■ Exercise data
----
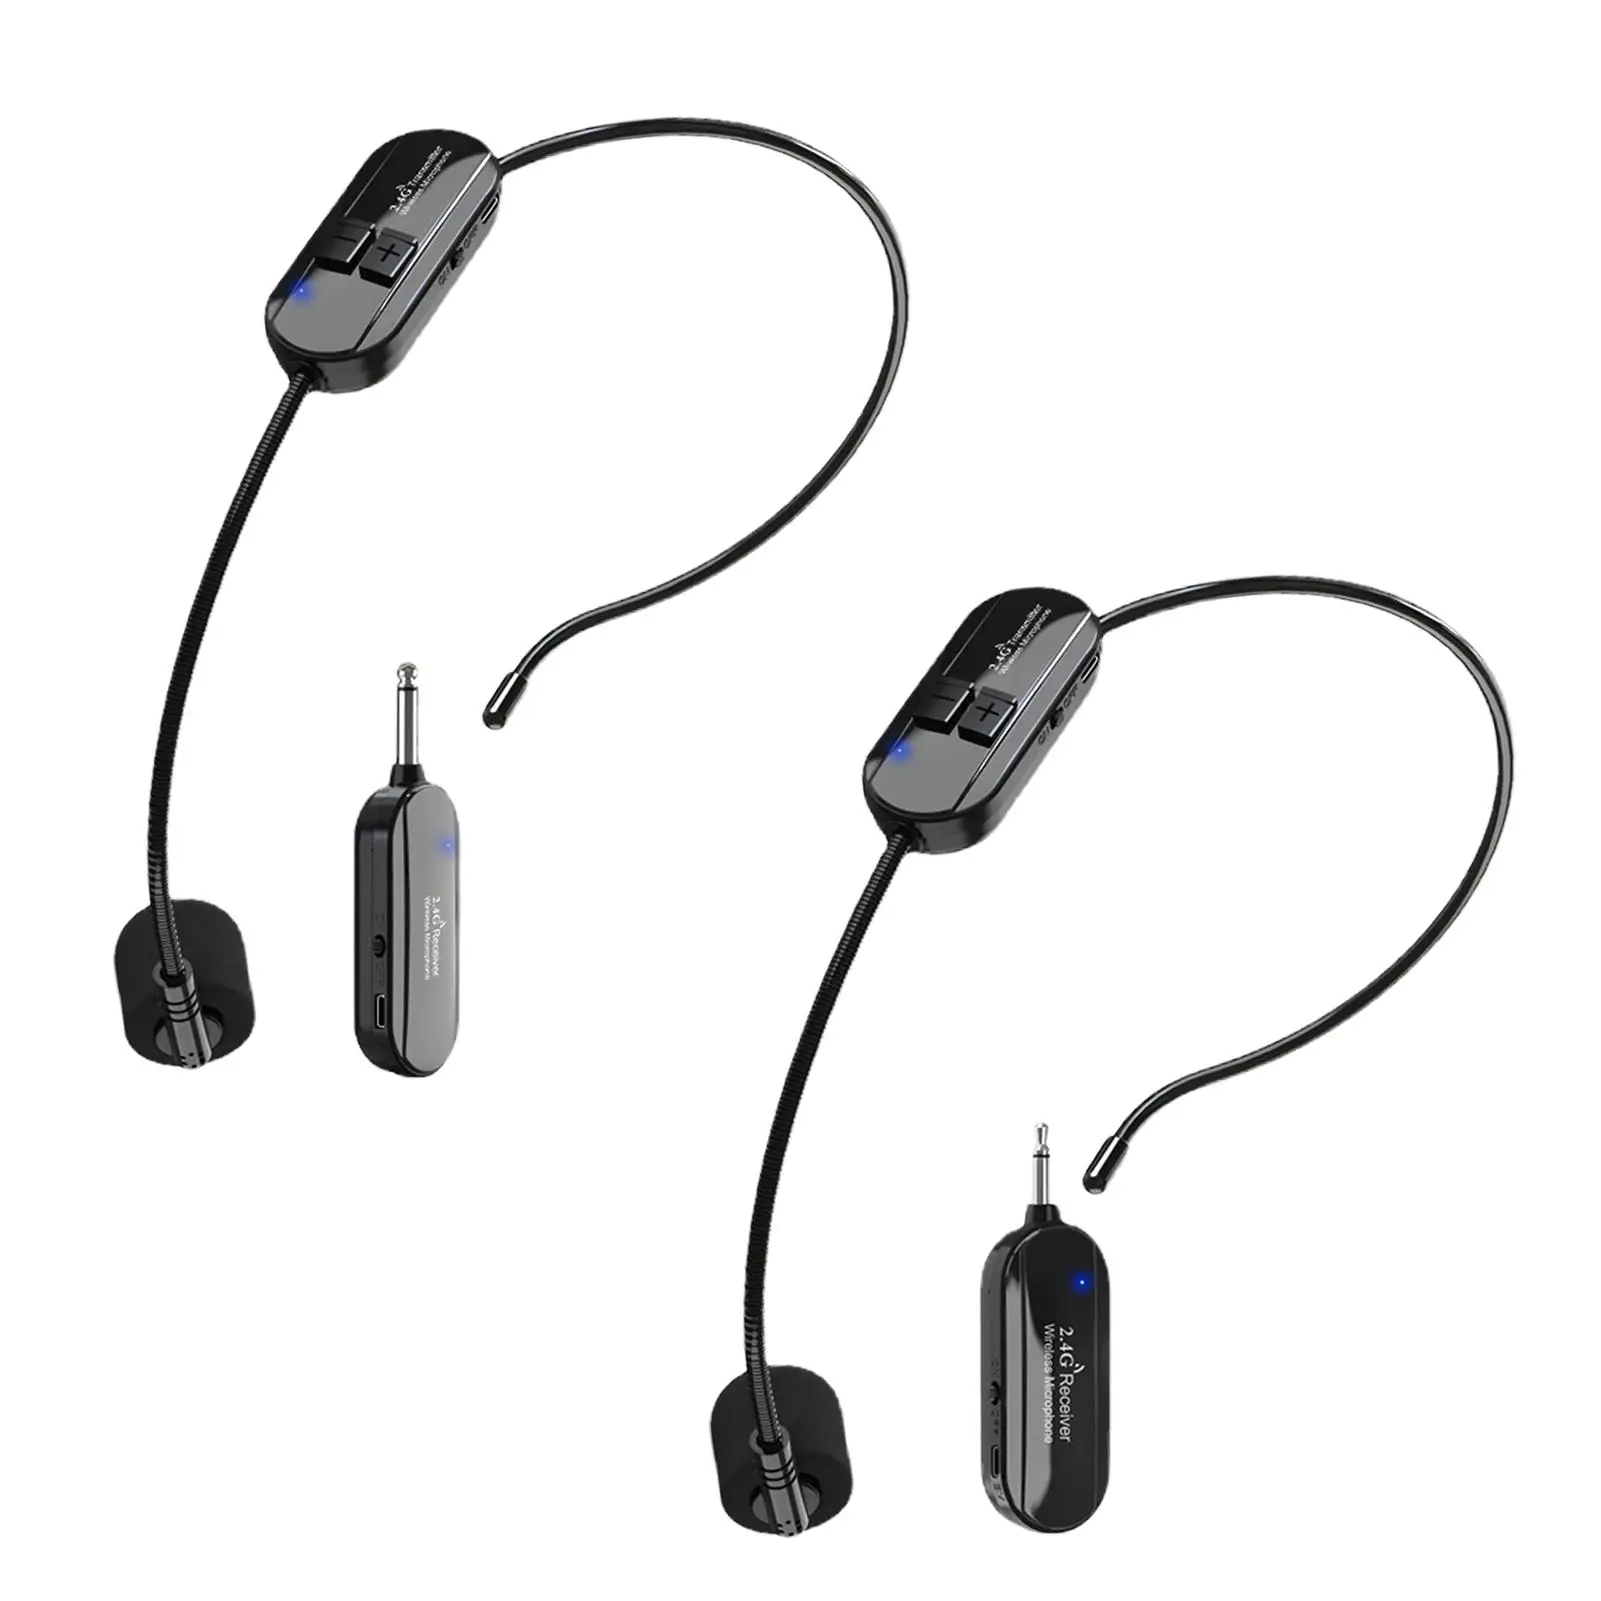 Bežične slušalice za nastavnike 2,4 G Dual bežični mikrofon TYPE-C za zvučnike Osobno cool mikrofon slušalice sa čistim zvukom
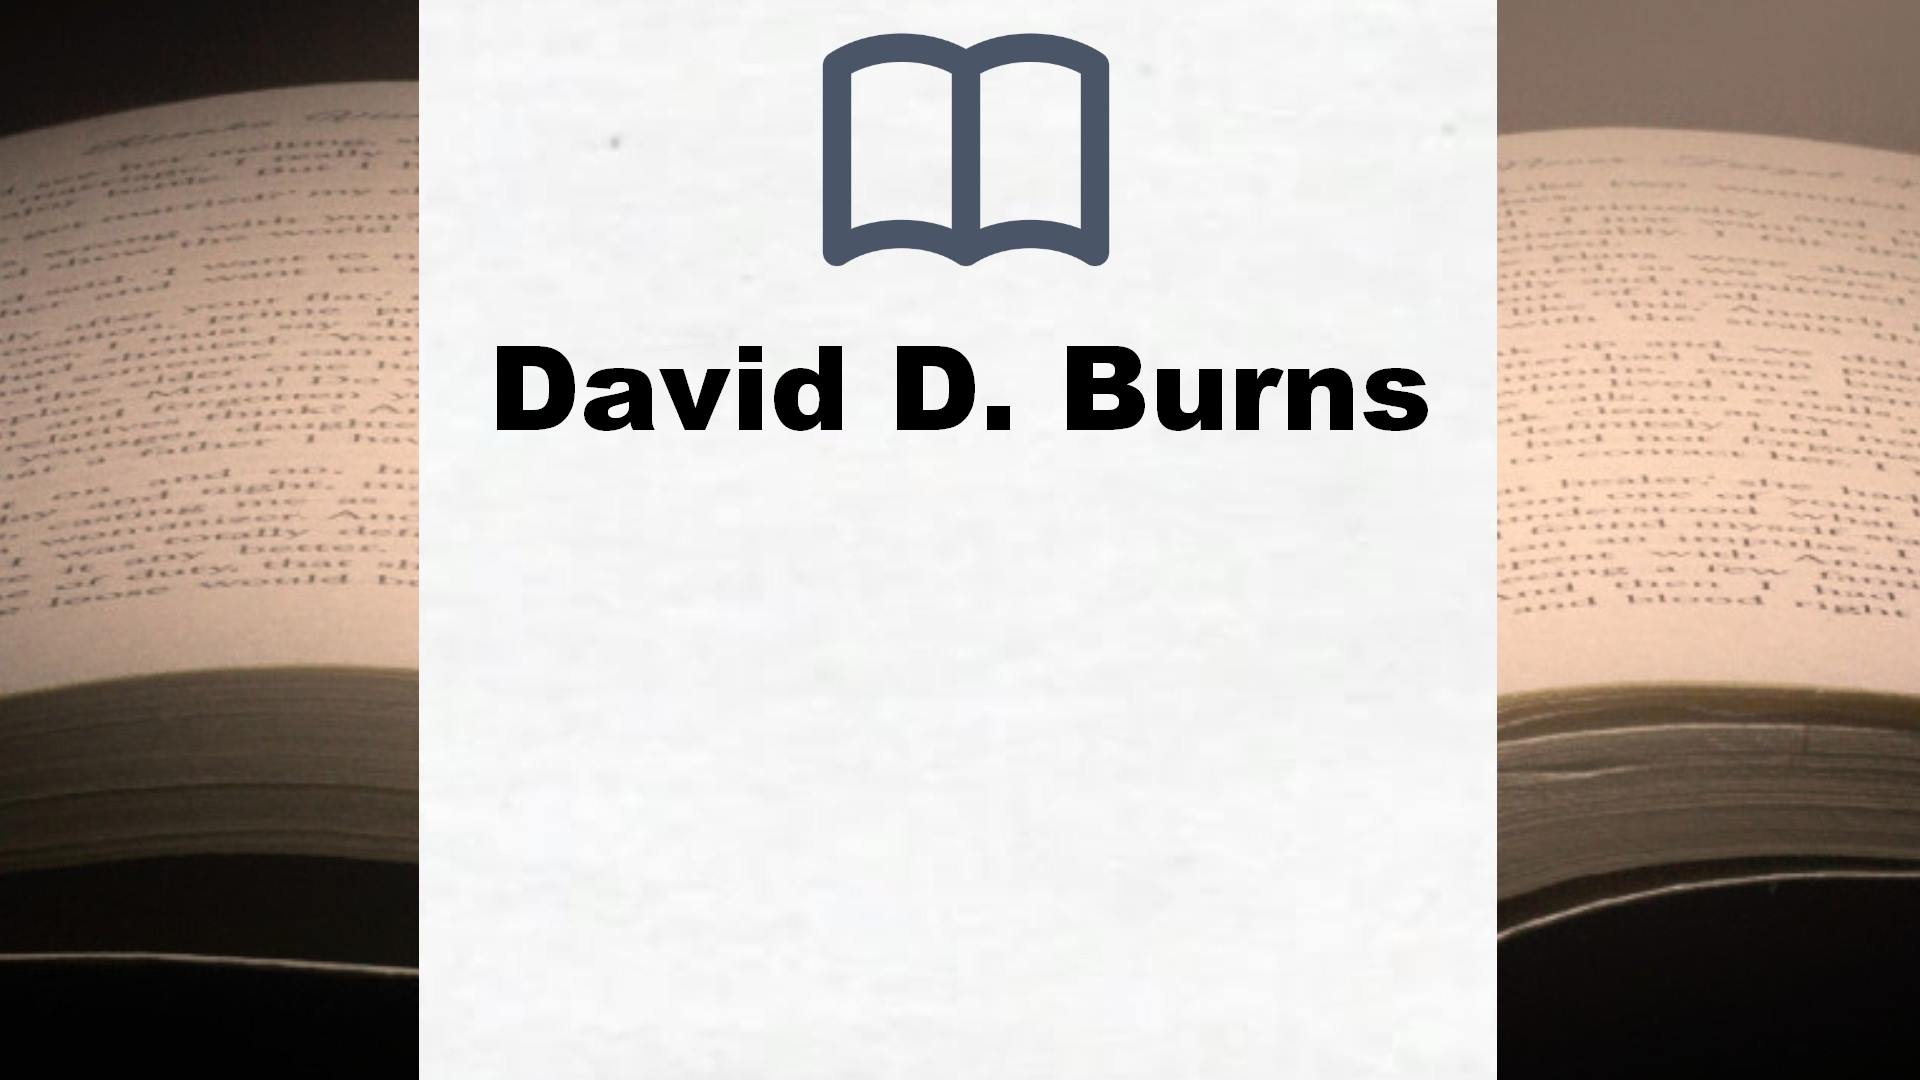 Libros David D. Burns
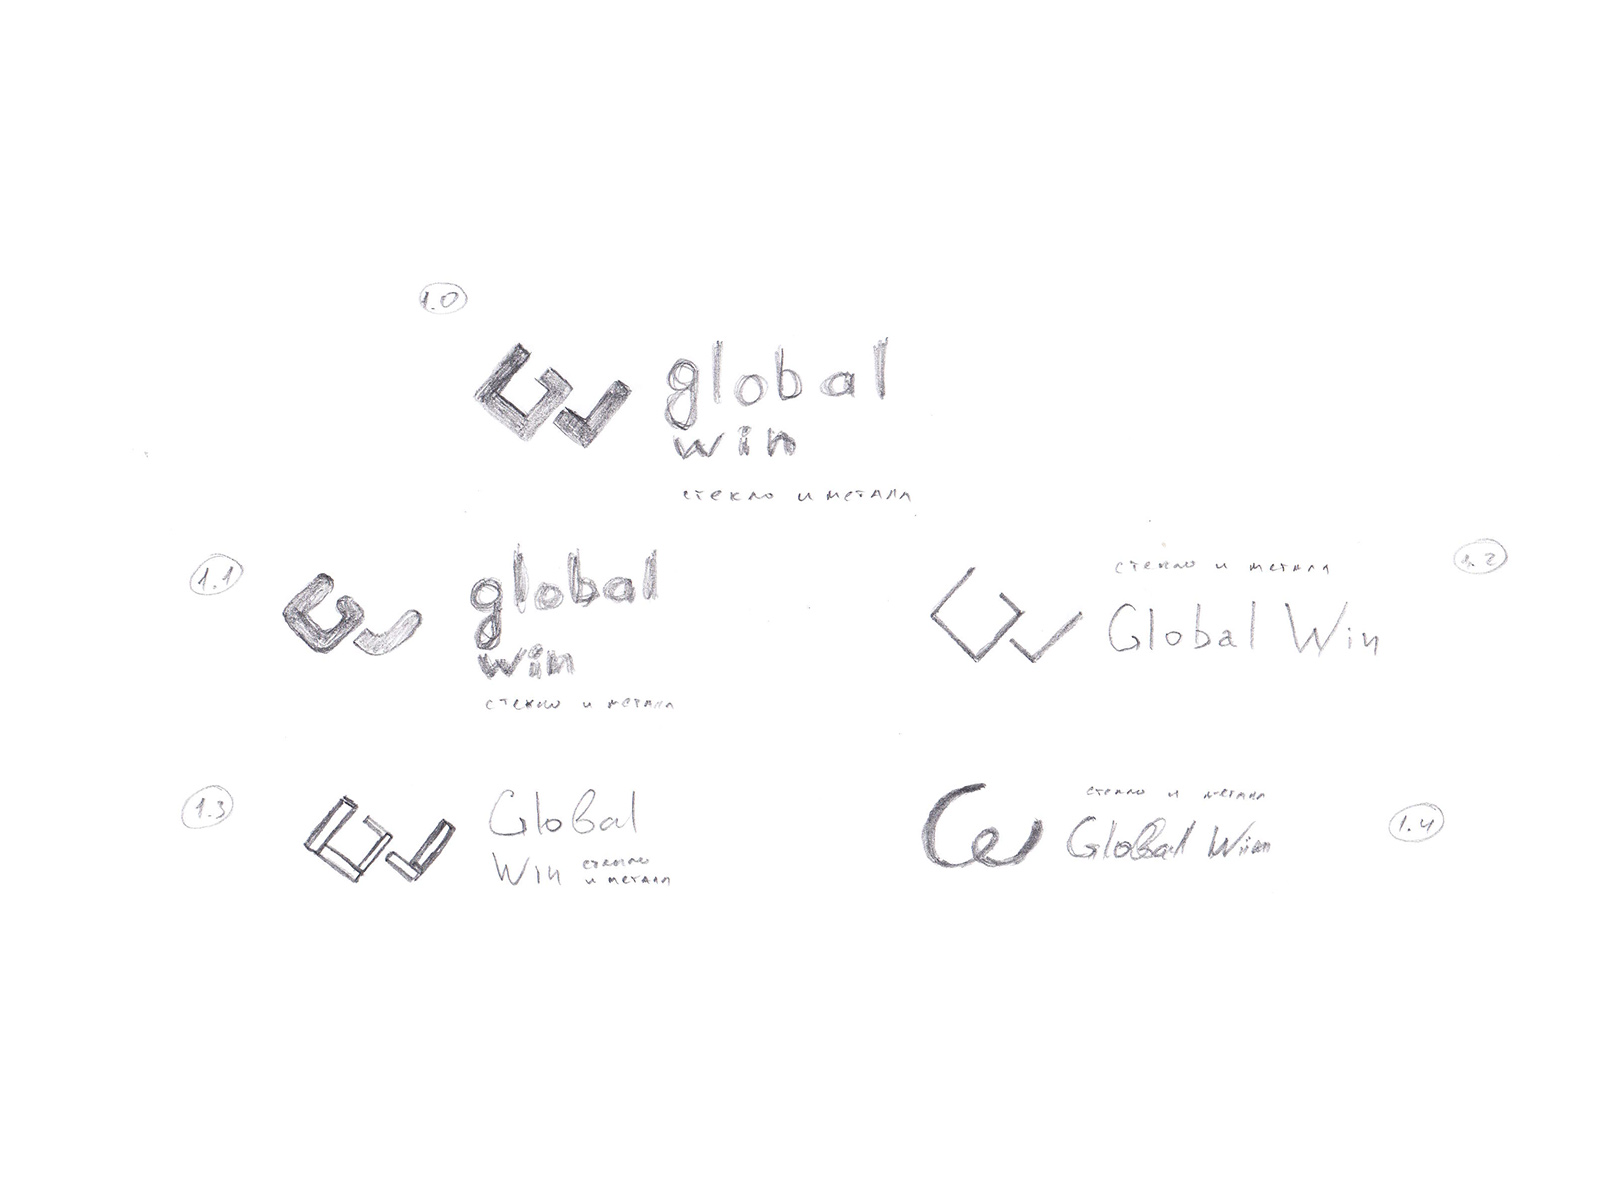 Логотип компании Global Win
----
■ Task brief
From the first line to the last, write out the data exactly, omitting any pictures.

■ Task response
 Bežične slušalice za nastavnike 2,4 G Dual bežični mikrofon TYPE-C za zvučnike Osobno cool mikrofon slušalice sa čistim zvukom
 Libros David D. Burns
 Логотип компании Global Win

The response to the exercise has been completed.